**WHAT IS REQUIRED:** Retype, word for word, each line between the lines holding "Movie Tickets In" and "What I knew", inclusive, and leave the rest of the data alone.

**INFORMATION PROVIDED:**
((

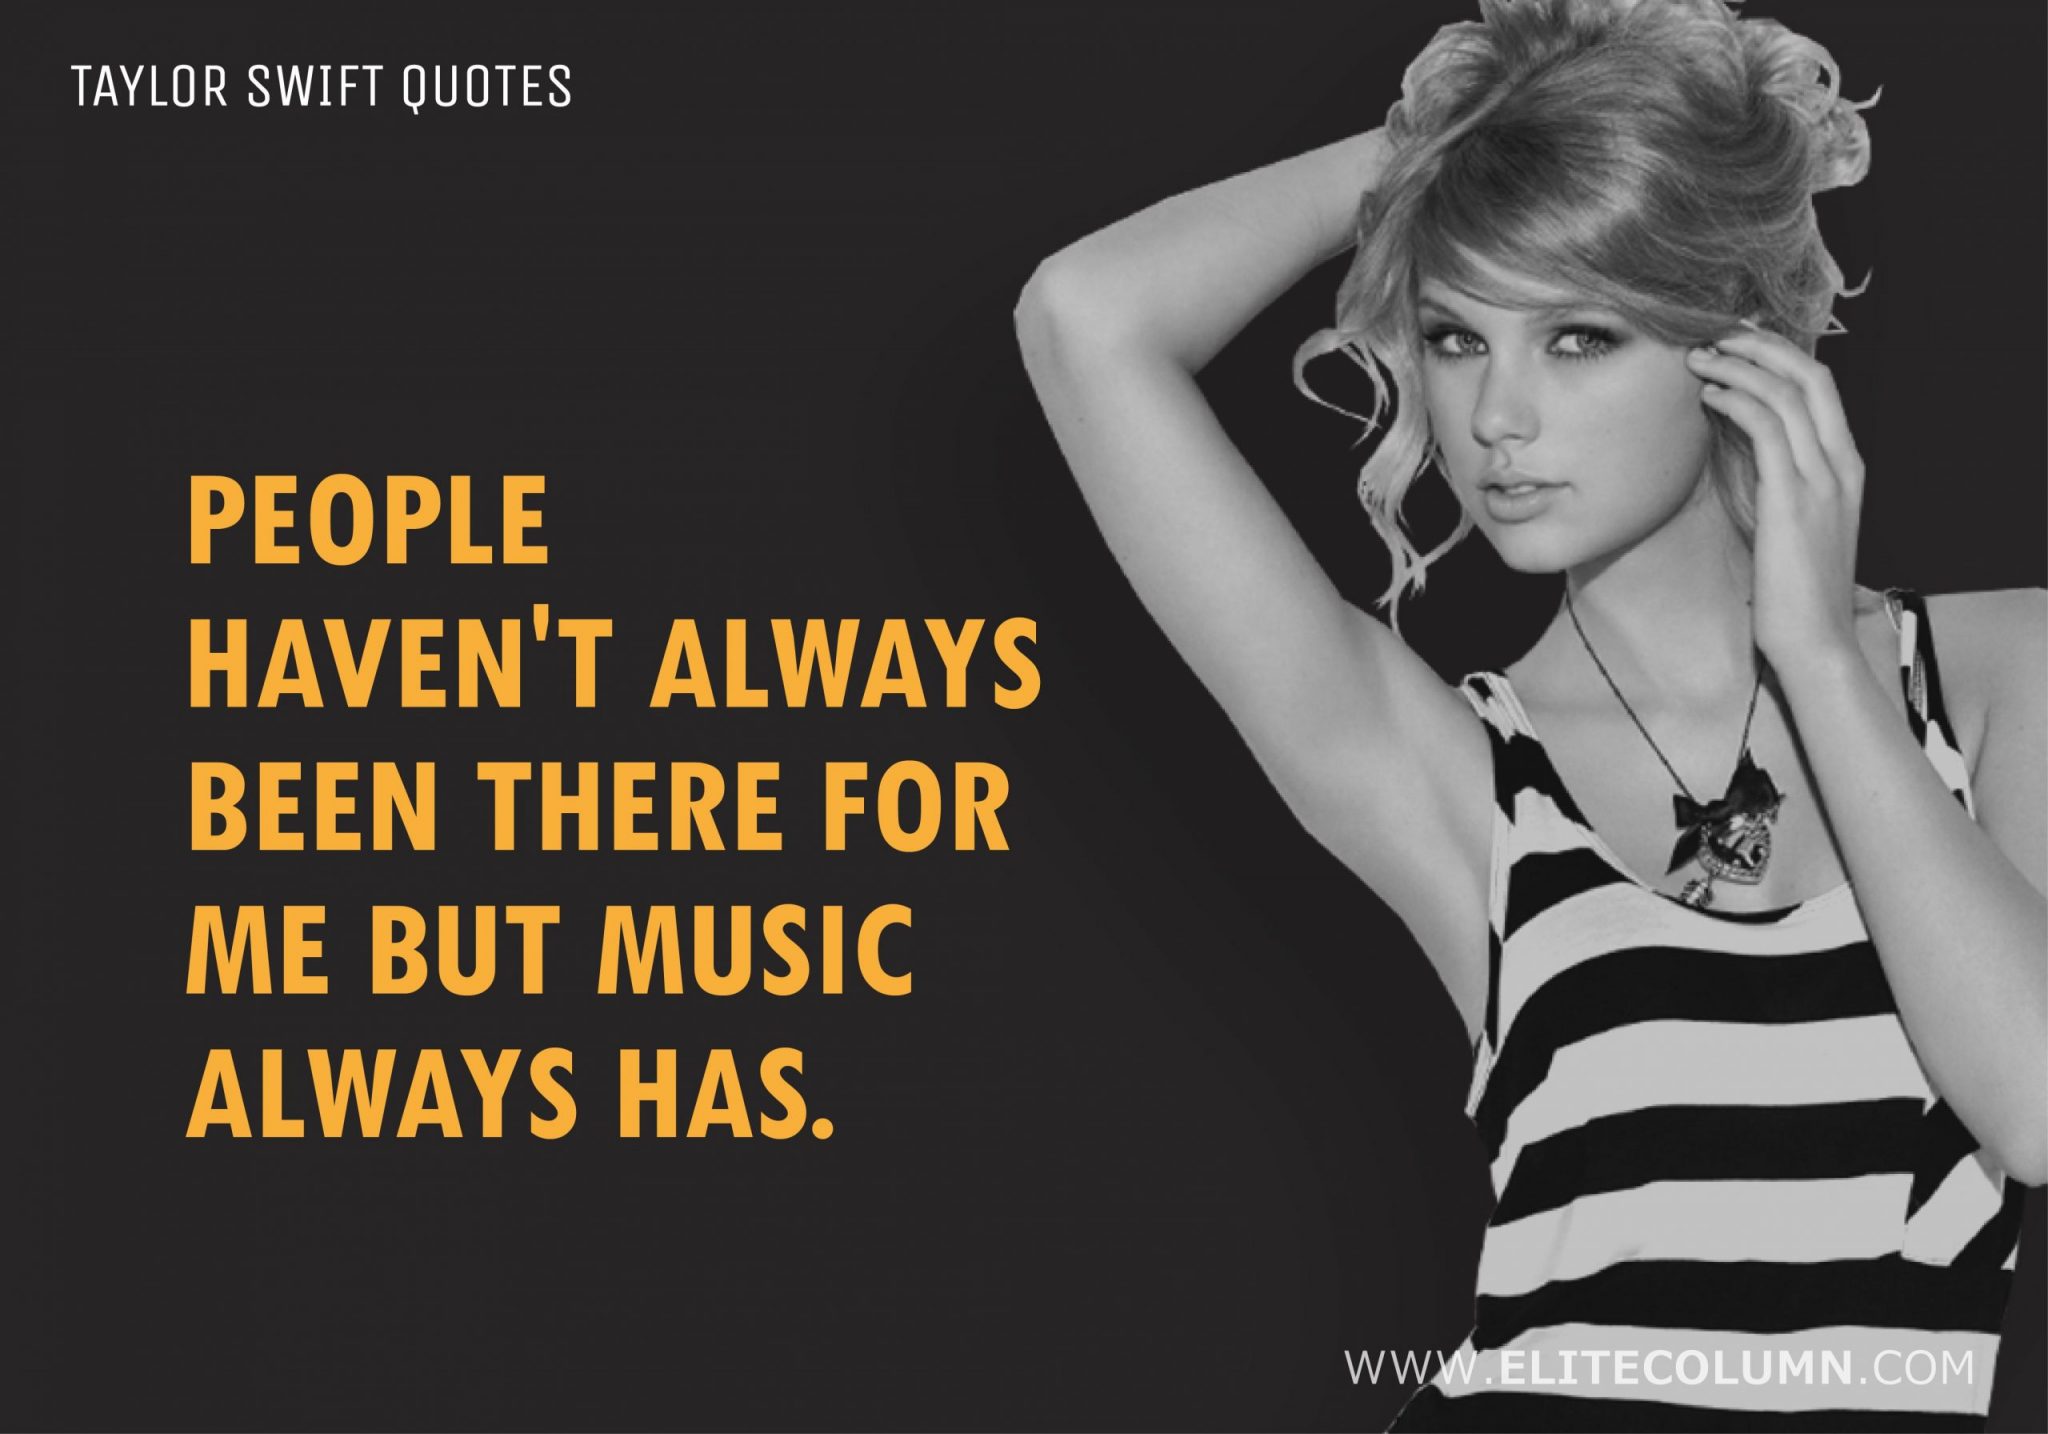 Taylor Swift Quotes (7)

))
((

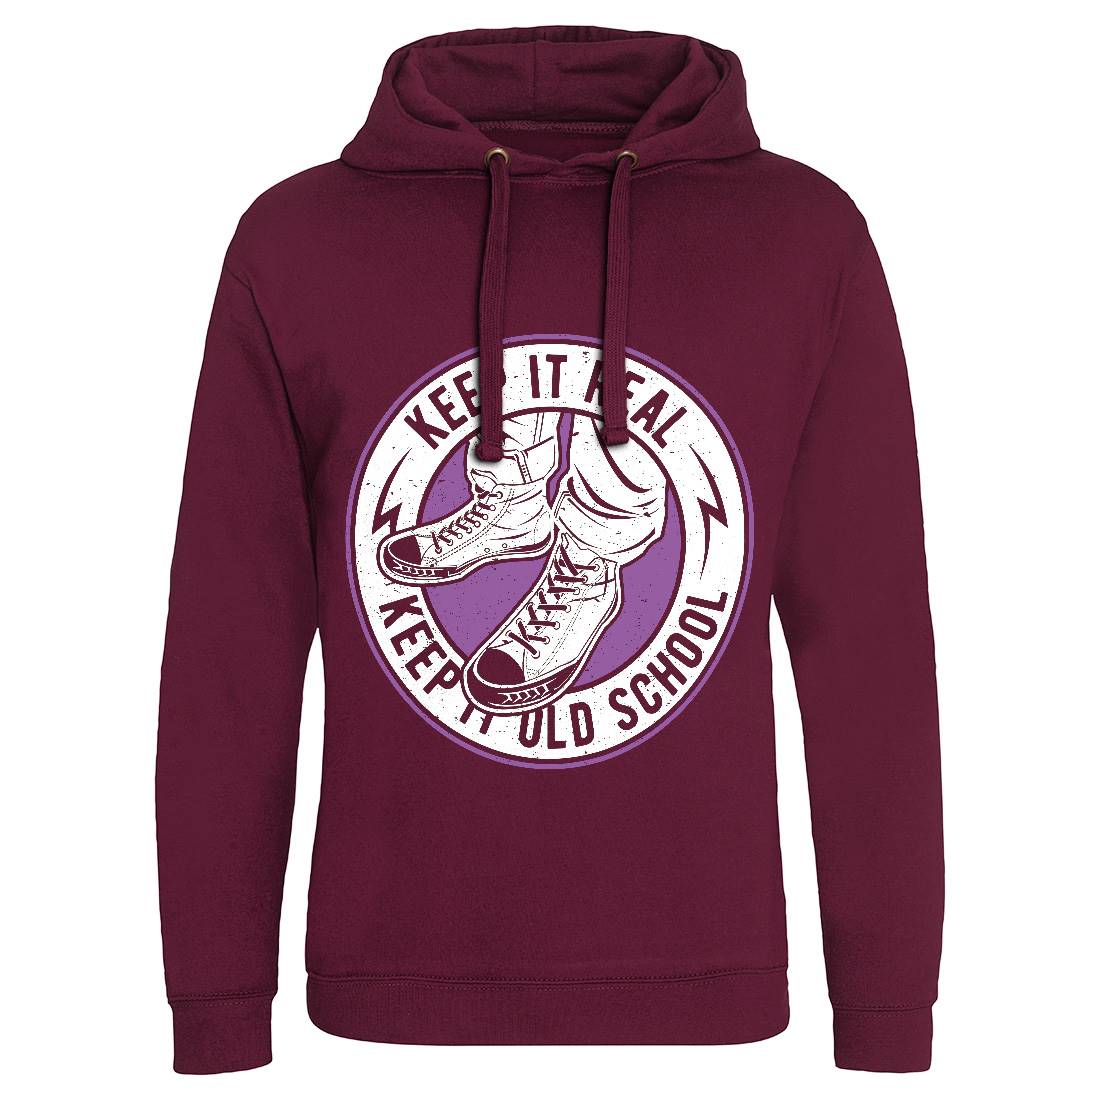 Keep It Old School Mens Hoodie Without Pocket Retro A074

))
((

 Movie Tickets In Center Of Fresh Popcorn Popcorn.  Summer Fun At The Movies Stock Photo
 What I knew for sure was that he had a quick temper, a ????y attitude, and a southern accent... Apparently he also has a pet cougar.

))

**WRITTEN ANSWER:**
 Movie Tickets In Center Of Fresh Popcorn Popcorn.  Summer Fun At The Movies Stock Photo
 What I knew for sure was that he had a quick temper, a ????y attitude, and a southern accent... Apparently he also has a pet cougar.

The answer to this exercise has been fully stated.